Mehr Nachtzüge ab Bern - kosten darf es aber nicht

Der Grosse Rat will, dass sich die Berner Regierung für Nachtzugverbindungen ab Bern einsetzt. Eine allfällige finanzielle Unterstützung solcher Linien lehnt er aber ab.

Schlafend reisen: Nachtzüge sollen wieder vermehrt ab Bern fahren, wenn es nach dem bernischen Grossen Rat geht.

Schlafend reisen: Nachtzüge sollen wieder vermehrt ab Bern fahren, wenn es nach dem bernischen Grossen Rat geht.

(Bild: Keystone)

Das Kantonsparlament hiess am Dienstag diejenigen Punkte einer SP-Motion einhellig gut, die den Regierungsrat beauftragt, das Gespräch mit den Bahnunternehmen SBB, BLS und der österreichischen ÖBB zu suchen.
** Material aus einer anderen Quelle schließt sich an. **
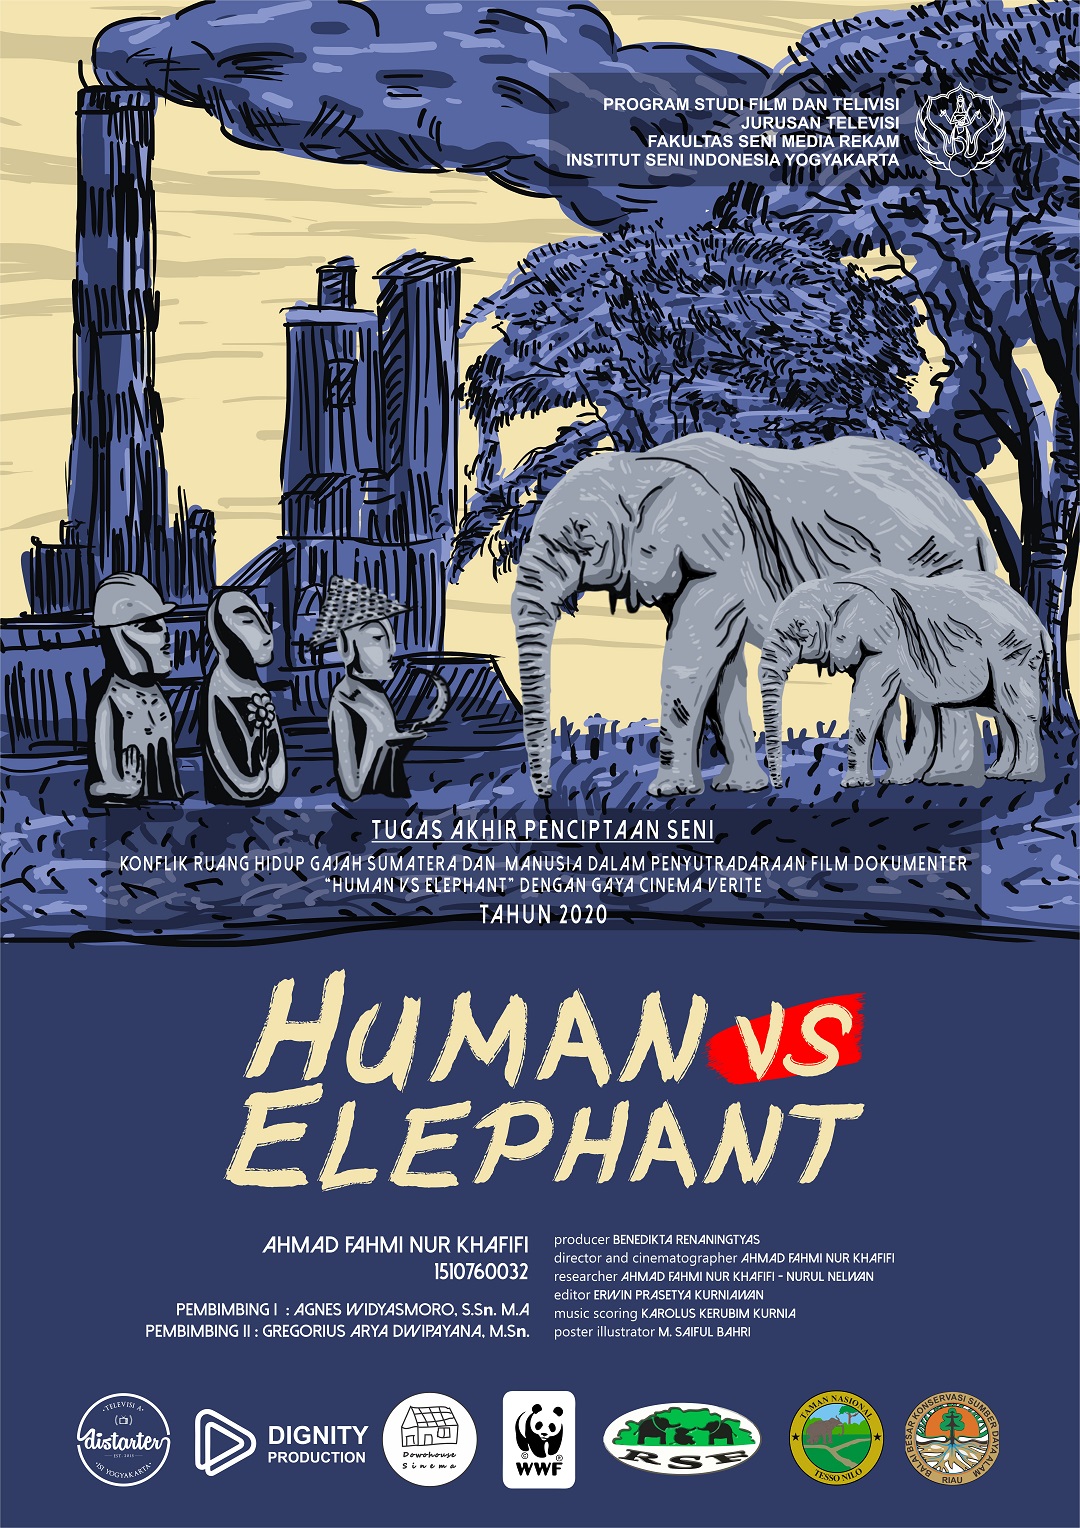 Human VS Elephant, oleh Ahmad Fahmi Nur Khafifi.

Auch soll geprüft werden, ob eine Zusammenarbeit mit anderen Schweizer Städten ausserhalb Berns sinnvoll ist. Die Regierung zeigte sich bereit, den Handlungsspielraum abzuklären. Mit den SBB habe man bereits Kontakt aufgenommen, sagte Regierungsrat Christoph Neuhaus (SVP) im Rat. Eine Finanzierung von Nachtzug-Linien sei jedoch Sache der Bahnunternehmen, betonte Neuhaus.

Dies sah auch eine Mehrheit des Rates so und lehnte es mit 82 zu 65 Stimmen ab zu prüfen, inwiefern neue Linien finanziell unterstützt könnten. Der letzte Nachtzug ab Bern verkehrte bis 2013 nach Amsterdam. Ende 2012 war die Nachtzugsverbindung Zürich-Bern-Barcelona eingestellt worden, einige Jahre zuvor die Nachtzüge über die Lötschbergachse Richtung Rom. Gründe waren die Konkurrenz durch Billigflüge sowie schnellere Tagesverbindungen mit Hochgeschwindigkeitszügen.

SBB und ÖBB mit Ausbauplänen

Im August gaben SBB und ÖBB bekannt, ihr Angebot sowohl im Tages- wie im Nachtverkehr ausbauen zu wollen - so auf der Strecke zwischen Zürich, Bregenz und München. Zwischen Zürich-Basel und Berlin sowie Hamburg wird aufgrund gesteigerter Nachfrage eine Kapazitätserweiterung geprüft. Auch sollen weitere europäische Städte in das gemeinsame Nightjet-Netz aufgenommen und mit der Schweiz verbunden werden, hiess es seitens SBB und ÖBB.

Beide Bahnunternehmen wollen sich für bessere verkehrspolitische Rahmenbedingungen für den Betrieb von Nachtzügen einsetzen, zum Beispiel über die finanzielle Förderung der Nachtzüge mit CO2-Abgaben sowie über eine Entlastung bei den anfallenden Betriebskosten wie Trassennutzungsgebühren. Die Deutsche Bahn (DB) hatte Ende 2016 die City Night Line - ihre Züge mit Schlaf- und Liegewagen - komplett eingestellt. Bei 90 Millionen Euro Jahresumsatz hatte der bundeseigene Konzern mit diesem Angebot zuletzt 30 Millionen Euro Verlust gemacht.